On Tapping Retirement Funds

Financial planners typically tell people to dip into retirement savings only as a last resort so a temporary cash crunch when young doesn’t harm long-term retirement savings. But with the Cares Act benefits running out this month, now could be the time for those expecting serious pandemic pressure into next year to consider taking a withdrawal, says Jeffrey Levine, director of advanced planning for Buckingham Strategic Wealth.

The Cares Act gives people an opportunity during the rest of this year to take up to $100,000 out of retirement accounts to help get them through tough times if they or a family member has had Covid-19 this year, or their household has suffered a job loss or business distress.

The benefit of the provision is that people younger than 59½ can get their hands on their retirement savings in workplace plans like 401(k)s or IRAs, without facing the usual 10% penalty that is designed to discourage early withdrawals. And instead of having to pay the tax on the full sum they withdraw this year, people can spread out the tax payments over three years, culminating with the tax return filed in 2023 for the 2022 tax year.

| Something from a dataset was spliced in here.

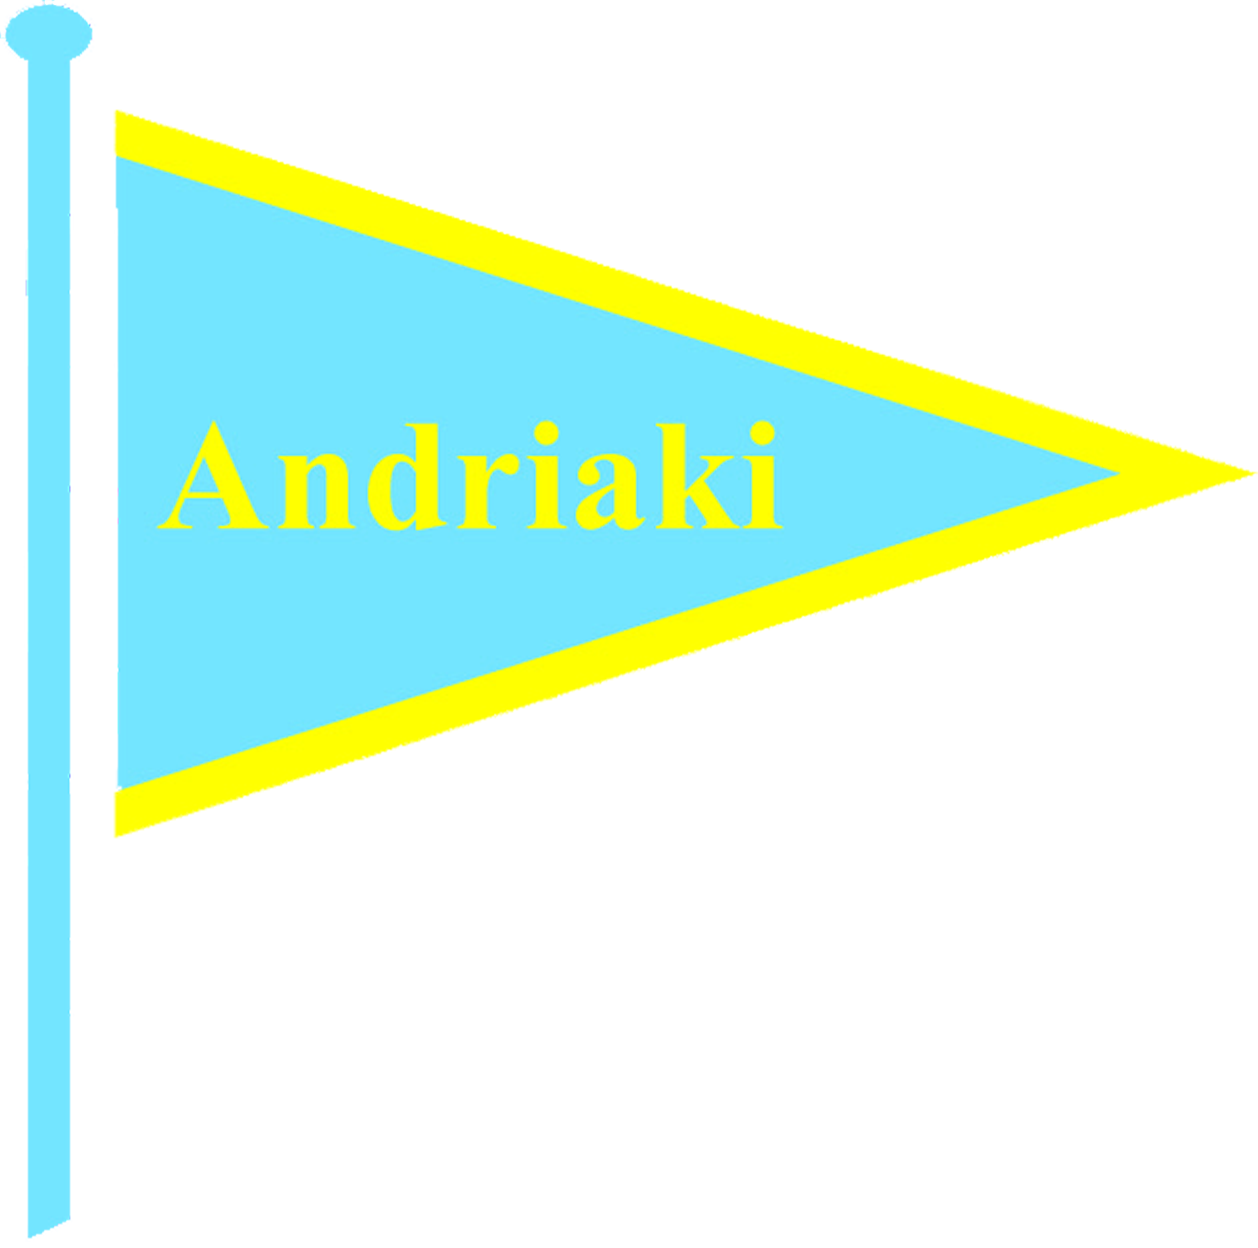 Andriaki-Transparent-logo

What’s more, people taking advantage of this provision can escape some or all of the income taxes if they replenish the money in the retirement plan over the three years and then amend their tax returns accordingly. (Be warned, though: Some 401(k) plans don’t allow distributions to be returned, so tapping an IRA may work more smoothly.)

The bottom line for taxpayers, says Randy Gardner, a Las Vegas CPA and director of education for Garrett Planning Network, is to use the same rigor in Cares Act planning as is typical in year-end tax planning: Adjust tax obligations so they are reduced as much as possible and handled at the most opportune time.